2.3 Image classification

Applying and adapting machine learning techniques to support solving tasks in the context of preserving the cultural heritage is a growing field of research. Many works address image-based classification of artworks by training an image classifier on the basis of images with known class labels to make predictions for images with unknown properties [21]. First works investigate classical machine learning approaches aiming to predict characteristics of a depicted painting [3]. In [7], one-versus-all Support Vector Machines are trained based on HOG features (histograms of oriented gradients, [16]) of images showing paintings, with the goal to predict the artist of the painting.

Instead of training a classifier to predict variables based on handcrafted image features, Convolutional Neural Networks (CNNs) allow for simultaneously learning features from given input images as well as learning a mapping of these features to class scores based on labeled training images [35, 36]. Thus, a trained CNN can be used to predict a class label for an object with unknown properties from an image depicting that object. CNN-based classifiers are also applied in many works addressing attribute prediction for depicted objects in the context of cultural heritage, where the focus is on making predictions for images showing paintings [11, 52]. In [58], the artist, the genre as well as the style of a painting are learned by means of a variant of AlexNet [35], achieving on average 68.3% correctly classified images for the three variables using the WikiArt dataset (http://www.wikiart.org/). Investigating the prediction of a painting’s artist, Sur and Blaine [57] obtain 82.5% overall accuracy on the Rijksmuseum dataset [44] utilizing a ResNet18 [26]. In both cases, there is one CNN per classification task, and network weights pre-trained on a variant of the ImageNet dataset [17] are used to improve the classification performance.

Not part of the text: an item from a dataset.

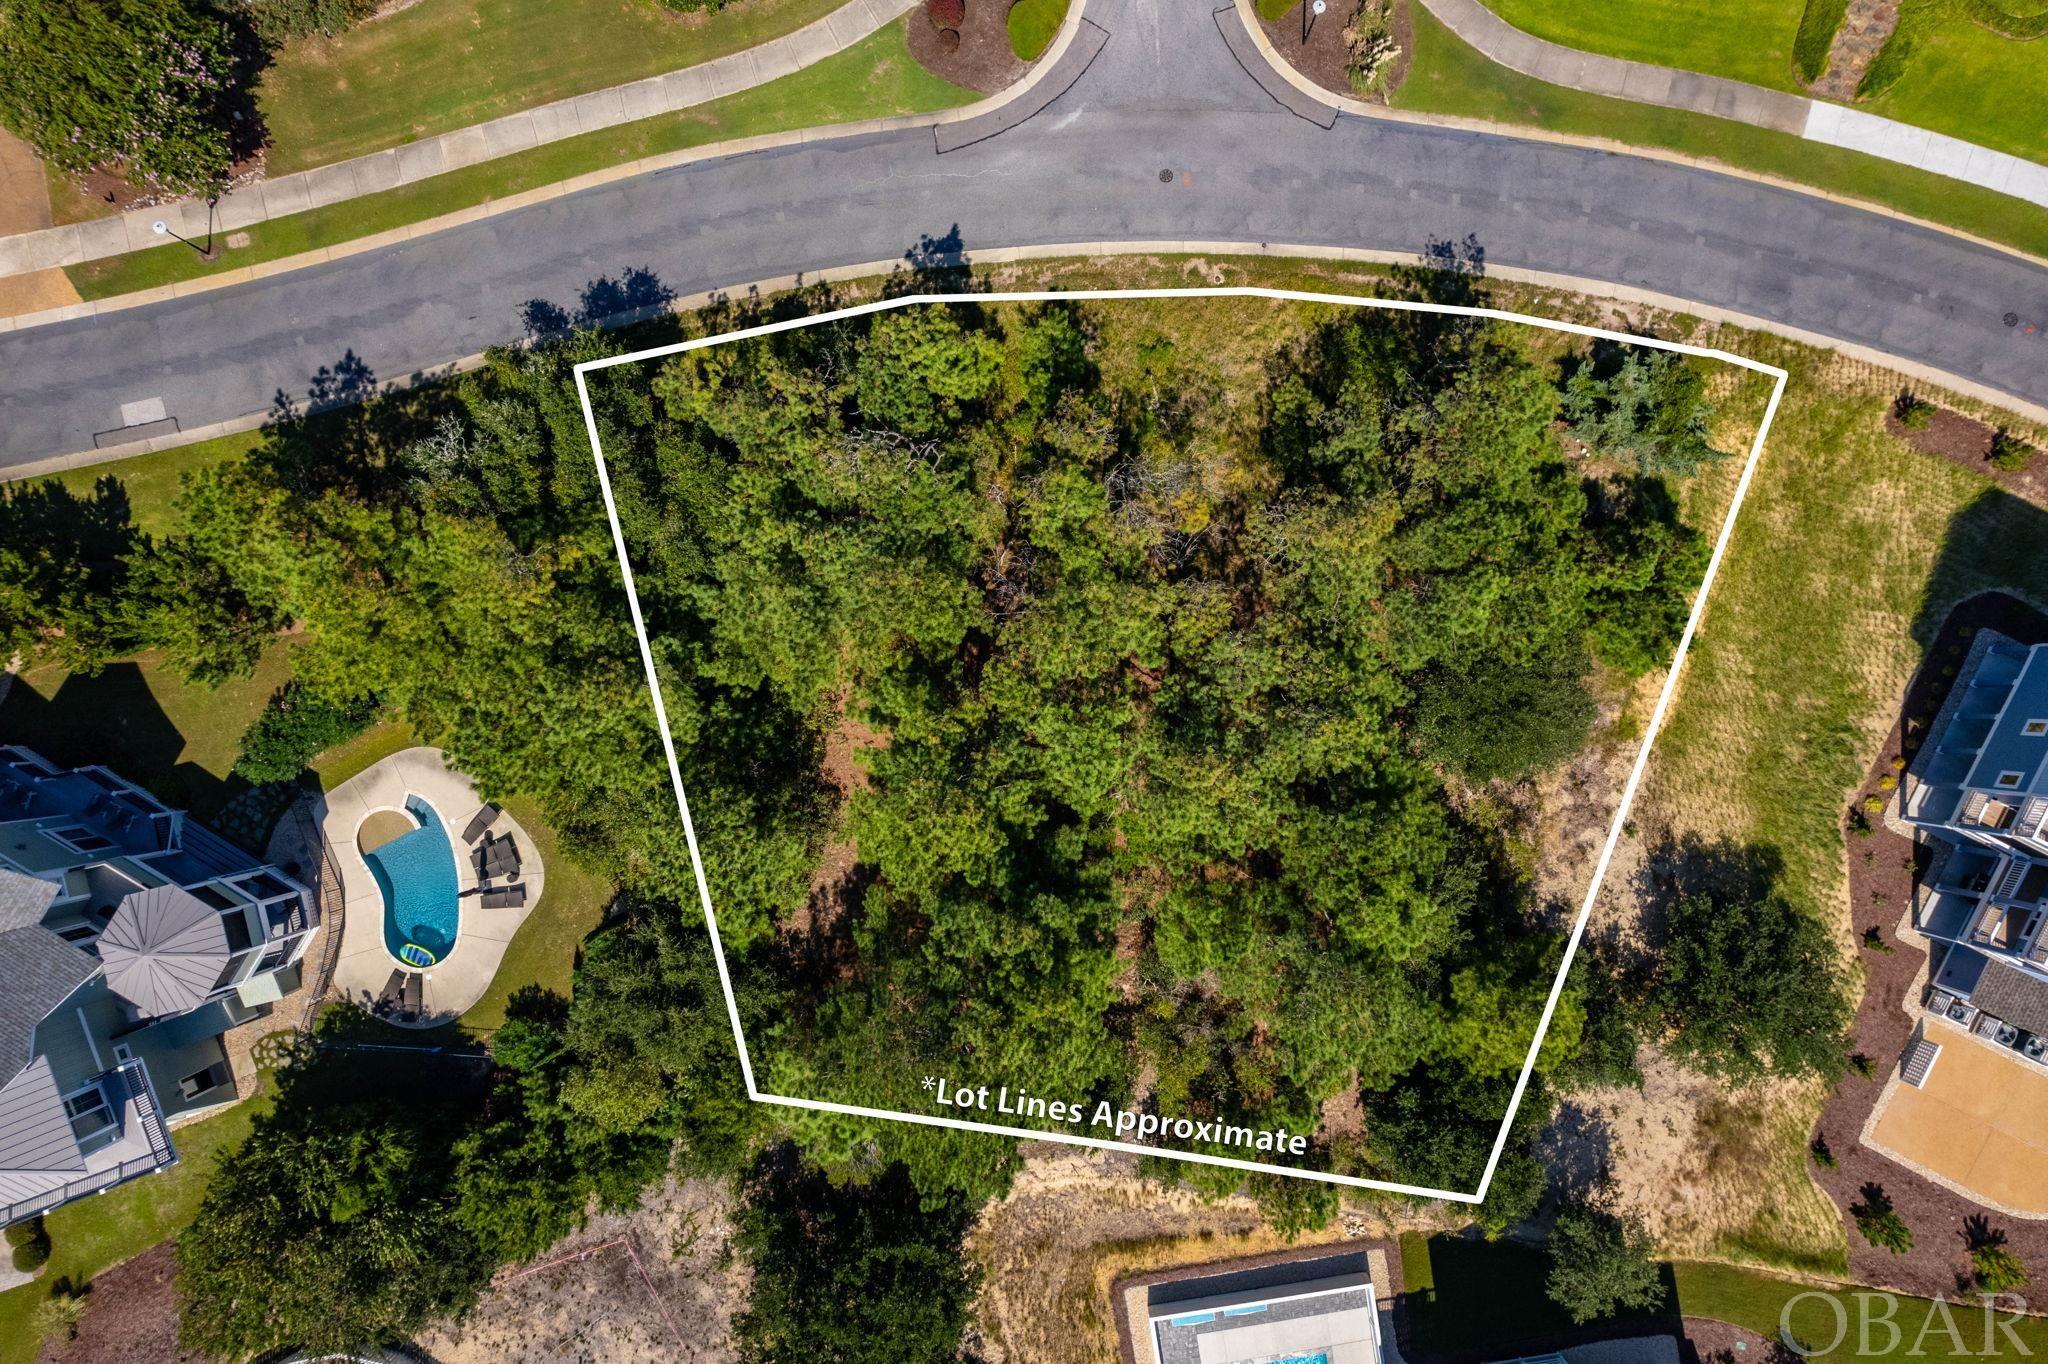 Great Location! Premiere Lot in the Currituck Club, 17,532 sq.ft. to build your home in paradise. Capture this opportunity with very few lots remaining. Drive by and see how amazingly easy it will be to clear and build. Flood zone X. So No worries.  Call Mary with any questions, 301-785-1601
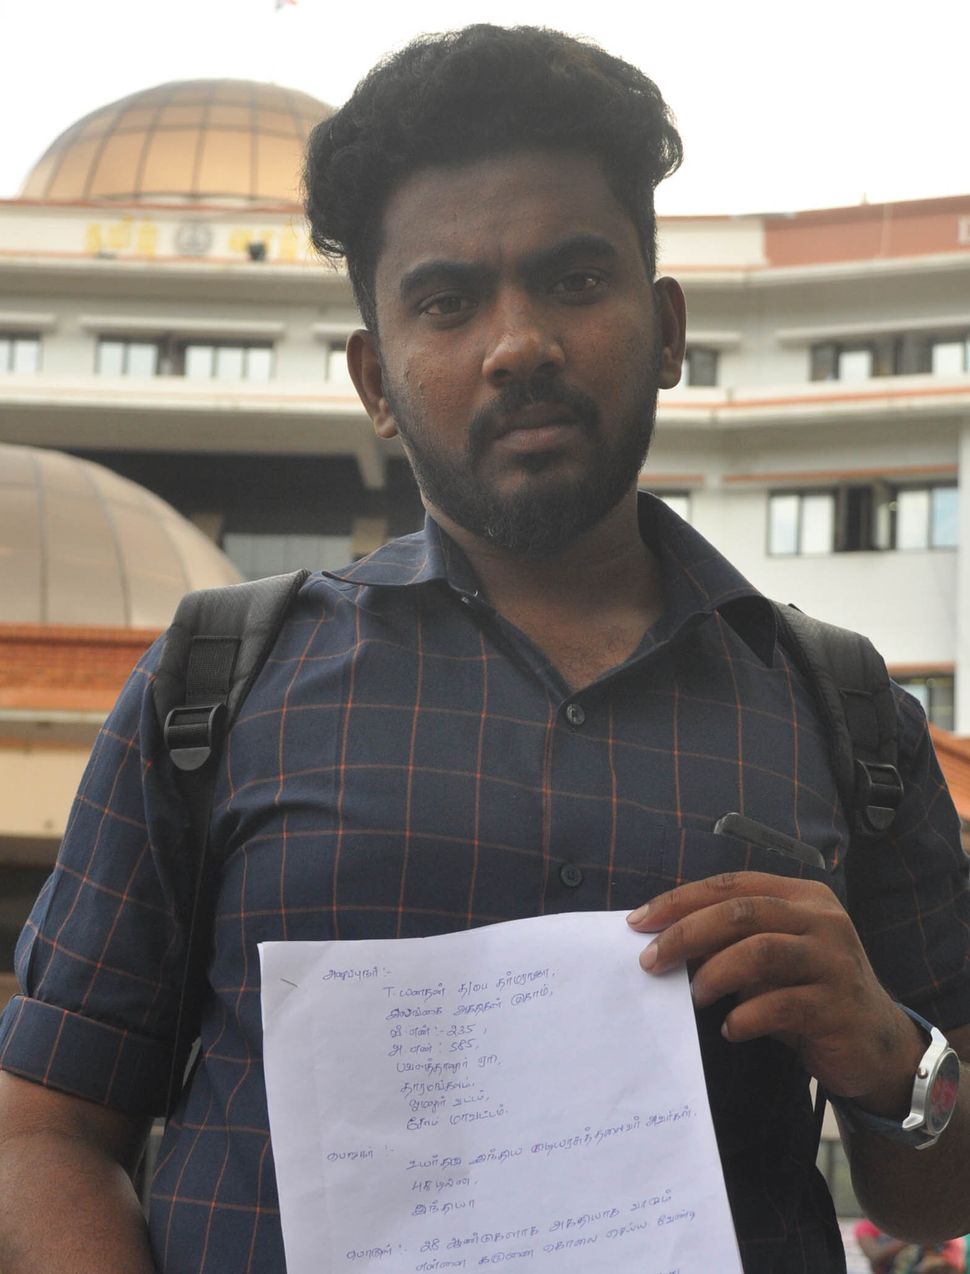 Yanadhan in front of the Salem district collectorate. He has sent copies of his petition reuqesting a mercy killing to President Ram Nath Kovind and Tamil Nadu governor Banwarilal Purohit.

Instead of training a separate CNN per task to be learned, the concept of multitask learning aims to exploit interdependencies between related tasks by means of jointly learning them in one network and, thus, to improve the network’s performance in solving the individual tasks [10]. Multi-task learning for CNNs is addressed in many recent works [15] investigating different strategies for combining the training of several tasks. In the domain of cultural heritage, the most frequently used strategy applies a feature extraction network producing a high-level image representation that is shared among all tasks and which is processed by additional task-specific layers designed to solve the individual classification tasks, e.g., [5, 25, 56]. These works do not only perform multitask learning for predicting characteristics of paintings on the basis of images, they also make use of pre-trained CNNs for the shared feature extraction network.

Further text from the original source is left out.